Artificial intelligence (AI) is revolutionizing the way we use computers. AI empowers computers to scan data, derive conclusions, and make decisions in a way that simulates human thought. With AI, computers can perform the same thought processes as people, but on a much faster and much larger scale. Over the next 20 years, this has the potential to increase profitability by an average of 38%.
Retailers are already using AI to revolutionize eCommerce. Using AI, retailers can make strategic decisions on thousands of market data points in real-time. Advanced analytics crunch this data in order to optimize price, supply, and customer satisfaction. Retailers can then feed this analysis back into their eCommerce platform, allowing AI to drive the marketplace with little to no human input.
In this article, we look at several ways AI is laying the foundations for the future of eCommerce and online retail.
If you’ve shopped on any major online retailer recently, chances are you’ve experienced a price intelligence algorithm. Price intelligence is a strategy where retailers analyze market conditions to determine the optimal price of a product. When paired with dynamic pricing, this allows retailers to continuously adjust a product’s price in real time. This results in a price that improves the chances of a sale while maximizing the retailer’s revenue.
To determine the best price, price intelligence tools factor in data about the market and the customer. This includes consumer demand, competitor prices, stock, customer purchasing habits, and even the logistics of delivering the product. The result is a price that’s individually tailored to the customer at that point in time.
A common example is the airline industry, which uses artificial intelligence to optimize a process known as Revenue Management (RM). RM systems calculate the optimal price of a seat on a flight at by considering factors such as plane capacity, current demand, fuel prices, and the flying history of the ticket purchaser. These systems take into consideration not just the ticket price, but the total value that the passenger can generate for the airline. This is partially why ticket prices can change drastically in as little as a day.
Personalized shopping has led to a marketplace where products are marketed to customers based on their individual wants and needs. Retailers are embracing this trend through the use of virtual assistants, AI-driven systems that interact with users using a conversational interface — typically a chat interface — in order to provide an easier, faster, and less intrusive shopping experience.
Combining virtual assistants with chat-like interfaces is known as conversational commerce. Users simply communicate what they’re looking for and the assistant handles the work of finding the product, comparing prices, and placing the order. Since the assistant has access to the user’s retail account, it can leverage user data to make educated decisions and deliver personalized options to the user.

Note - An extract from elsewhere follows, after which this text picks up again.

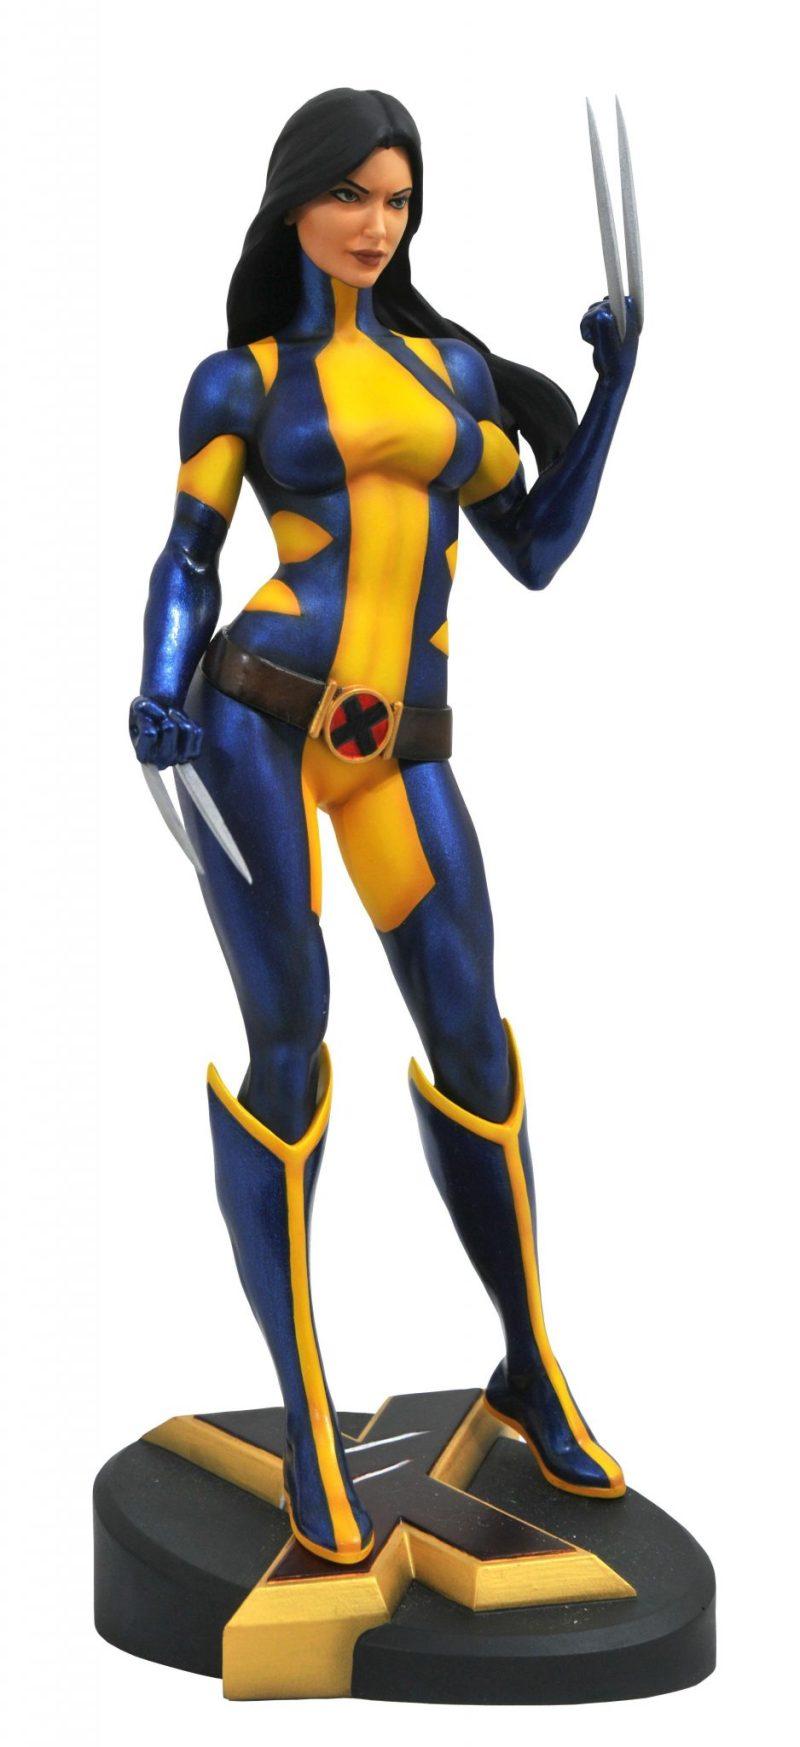 Wolverine desmascarada - Marvel Gallery - Diammond - Os melhores colecionáveis exclusivos da SDCC 2018

One of the most well-known virtual assistants today is Amazon Alexa. While there are other equally capable assistants available, Alexa’s strength is its integration with Amazon’s catalog of products and services. Users can place orders in as little as three steps, plus they have access to deals exclusively for Alexa users. By rewarding users with discounts, Amazon is ensuring that virtual assistants and conversational commerce will remain a staple of eCommerce going forward.
Retailers are also using AI to make decisions affecting the future, and predictive marketing is one such strategy. Predictive marketing leverages predictive analytics, a data analysis strategy that uses historical data to predict future outcomes. When applied to market, predictive analytics allows retailers to predict trends in the market by combining past data with current market trends.
The accuracy of predictive models increases as you apply more relevant data. The more you know about your customers’ behaviors, the better you can predict their future decisions. Using predictive marketing, clothing retailer Nordstrom increased their conversion rate from emails by 25%. By analyzing 1.2 billion product views and 200 million transactions, Nordstrom scored customers based on interactivity with different product segments. The system they developed was able to predict repeat customers with an overall accuracy of 76%.
According to Conversica, 50% of the time and budget spent on sales and marketing is wasted. Because predictive models leverage individualized customer data, retailers can follow up on leads much more quickly and with a greater rate of success. For example, predictive algorithms allow retailers to suggest products that a customer might purchase based on their purchase history. 35% of product purchases on Amazon and 75% of shows watched on Netflix are the result of recommendations based on these algorithms.
AI is already a $1.6 billion dollar industry and will increase to nearly 20 fold by 2025. To compete with giants like Amazon, retailers will need to leverage AI and machine learning to recognize and plan for market changes before they happen.
The AI revolution is here, and retailers who leverage it today can gain a critical foothold in the intelligence-powered marketplace of tomorrow.